Now if this had been a single case of RCMP wrongdoing or ineptitude, or even one of a sparse few, then the last thing you’d see would be a critical commentary in this space. But consider the following, all within the last 15 years.
- a federal police force unable to foresee or detect a Greenpeace invasion of Parliament Hill, or to then offer an explanation of how it happened:
- cops unable to spot an intruder on the lawn and then right inside the hallways of 24 Sussex Drive, which just happens to be the residence of the Prime Minister of Canada. The PM at the time, Jean Chretien, and his wife were inside and asleep when all this was going on.
- an RCMP commissioner forced to resign because of inaccurate testimony to a House of Commons committee. That same commissioner, Guiliano Zaccardelli, had earlier been found responsible for a “fundamental breach of trust” in connection with misuse of RCMP pension funds.
On training and standards:
- four comparatively inexperienced officers, one with barely a month in uniform, shot and killed by a mentally unbalanced farmer near Mayerthorpe, Alberta:
- two young constables killed while on duty, isolated and alone with no backup in the far north:
- two more killed by a shooter in Saskatchewan:
- a 22-year-old prisoner in custody at the Houston, B.C. detachment office, shot in the back of the head during what was described as a struggle with a cop:
- another man shot to death while in the holding cells in Pincher Creek, Alberta.
None of these events is reassuring and none of them point to a police service which decides on lethal force only as a last resort.
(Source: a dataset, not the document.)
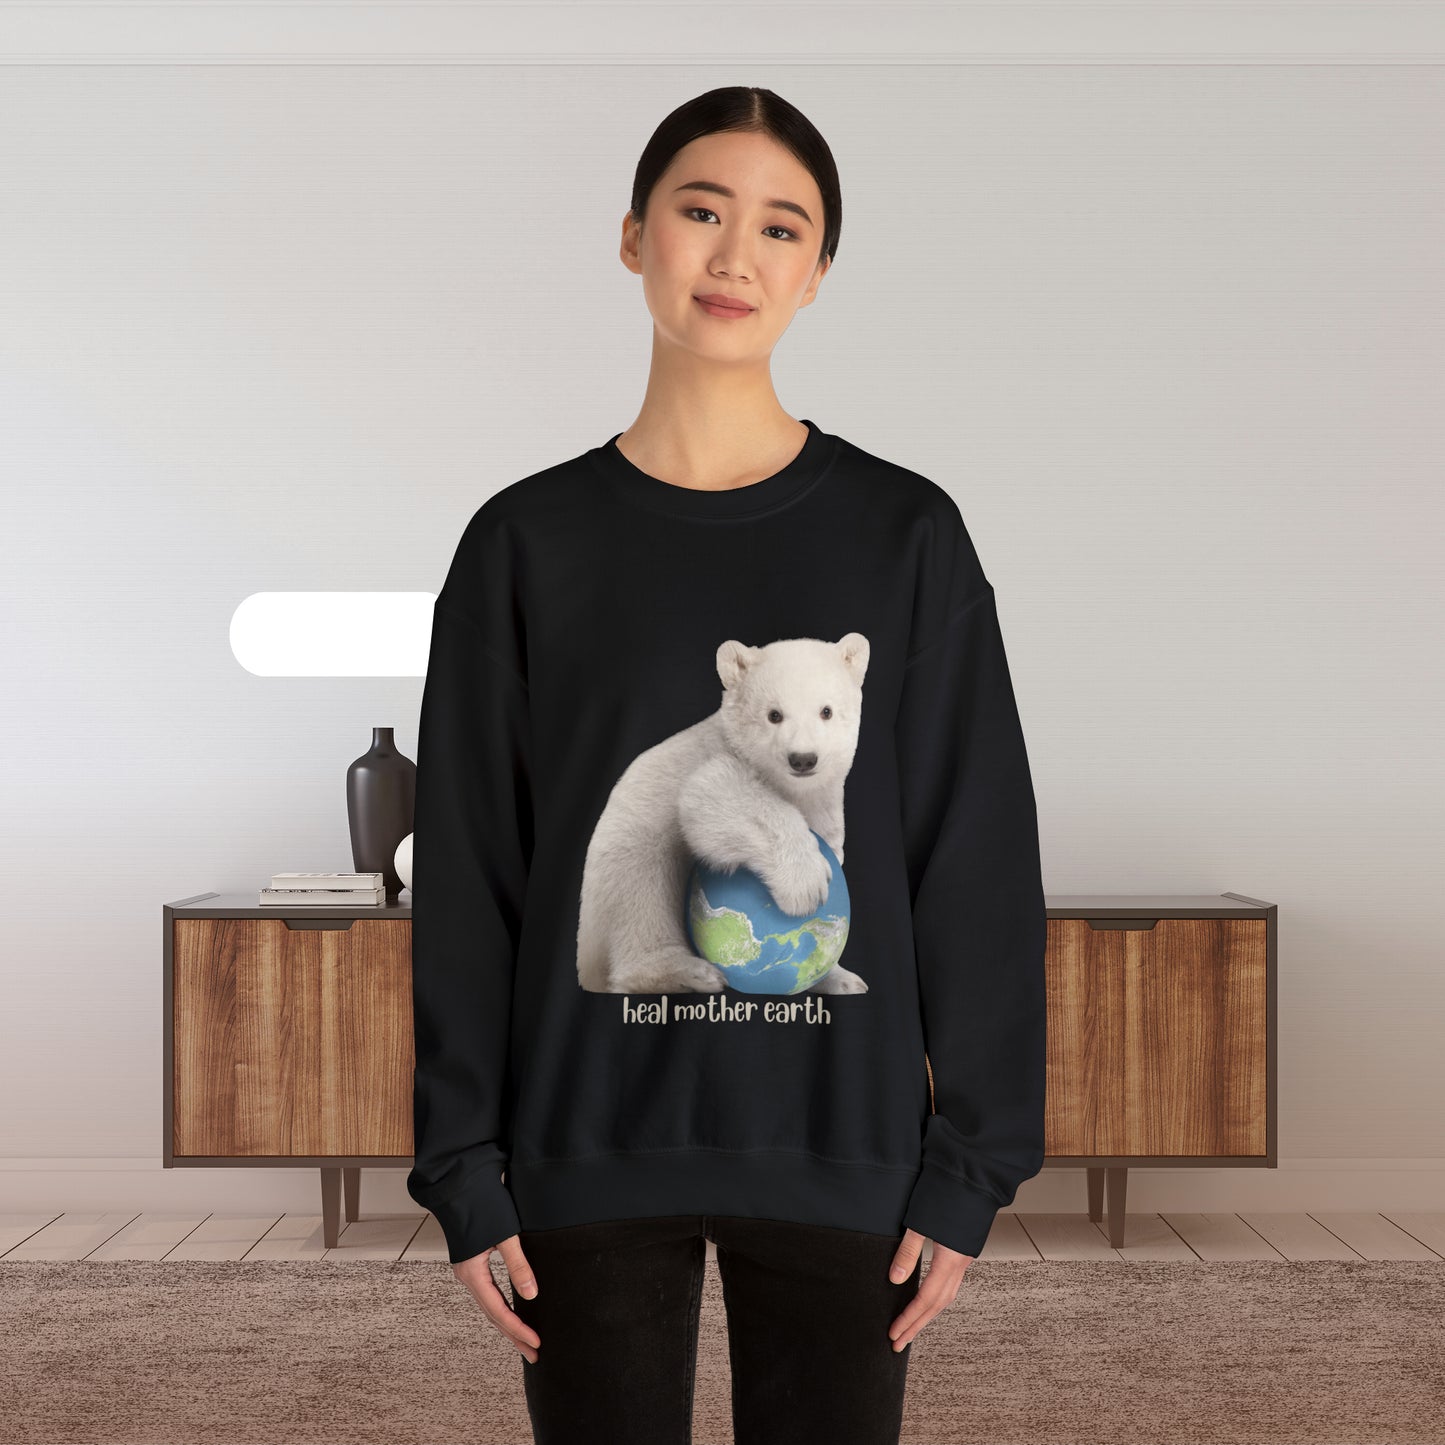 Adorable polar bear cub hugging Mother Earth and asks us to “Heal Mother Earth. ! We can do it together! Give the gift of this Unisex Heavy Blend™ Crewneck Sweatshirt or get one for yourself.

And certainly, not much in the recent history of the RCMP speaks to the slightest command concern about ensuring to the highest degree possible the safety of its officers, either by training them for situations such as Mayerthorpe or by redesigning policy for cops on remote postings where help is a very long way away.
I’ve known a lot of police officers in my time, I’ve hung out with them and had more than the occasional beer with them, and I can tell you this: the RCMP veterans, the old pros now retired and watching their beloved force descend into politcal spin, obfuscation, coverup, denial, and above all what the complaints commissioner described as a “massively inert” bureaucracy, are in utter despair.
But they won’t say anything in public, or at least very few of them will, because they’ll tell you it’d be pointless and would cause the current leadership to say well, they’re just old geezers and they don’t understand what policing is all about nowadays, and they’re just aging old timers with nothing better to do than grouse and complain about how they’d sure have done things better, and besides you have to understand that police work has changed.
I’m not arguing with that and the veterans don’t argue with it either. Theyre just saying, and I’m saying it hasn’t changed for the better.
I haven’t the slighest doubt that were he alive today, Robert Dziekanski would concur. Unless of course he’d gone back to Poland, where perhaps law enforcement isn’t so bad, after all.